BALTIMORE, Maryland – Grace O’Brien has brought lightweight, sustainable hearing aids to children in Honduras, Mexico, Nicaragua, South Korea and Sri Lanka, and has plans to reach even more impoverished, disabled children.
“This hearing aid is giving them a chance to escape poverty,” the 18-year-old told USA Today. “It’s giving them the chance to get a valid education and I think that’s really amazing.”
O’Brien is the founder of Ears for Years, a nonprofit that distributes low-cost solar powered hearing aids to children in developing countries. She was inspired at the age of 14 when her father began suffering from hearing loss because of a brain tumor.
O’Brien then volunteered at the Orange County Register, a summer theater camp for children who are hearing impaired, where she realized the importance of hearing aids and decided to make the devices accessible for low income families.
Through her research, she discovered a Brazil-based company called Solar Ear, which develops solar powered hearing aids for children. Solar Ear strives to provide hearing aids to children three years old or younger to support their development in speech and understanding. This development allows children to attend public school.

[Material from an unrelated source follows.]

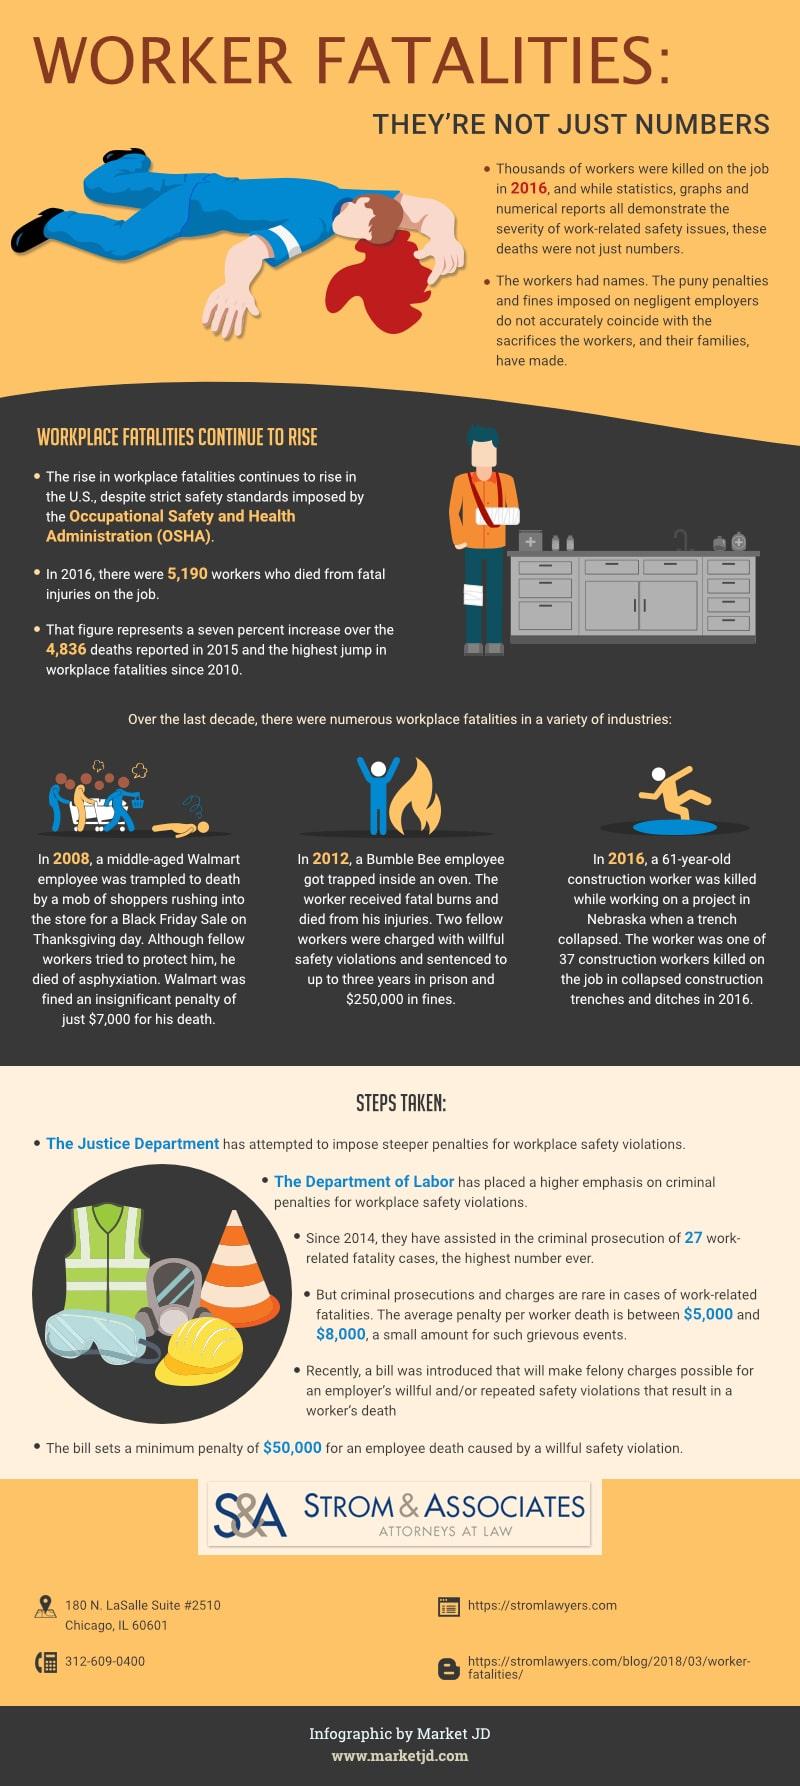 Worker fatalities infographic

“Hearing aid batteries cost about a dollar a week and for some families that could be their salary for the week,” explained O’Brien. Solar Ear’s hearing aids cost $100 and its solar rechargeable battery lasts up to three years, unlike most common hearing aids that cost thousands and have short lifespans.
O’Brien fondly recalls the first time she fit a Solar Ear device on a child, a three-year-old by in Mexico: “As soon as he put on the hearing aid his whole face lit up. His mom was right beside me and she started crying. It was so amazing to see that in that moment, I had done something that would make a difference in somebody else’s life.”
The World Health Organization states that 32 million children worldwide live with hearing disabilities, and the majority of them are from developing countries.
To continue her work, O’Brien has started a GoFundMe campaign and has currently raised $995 out of her goal of $1,500.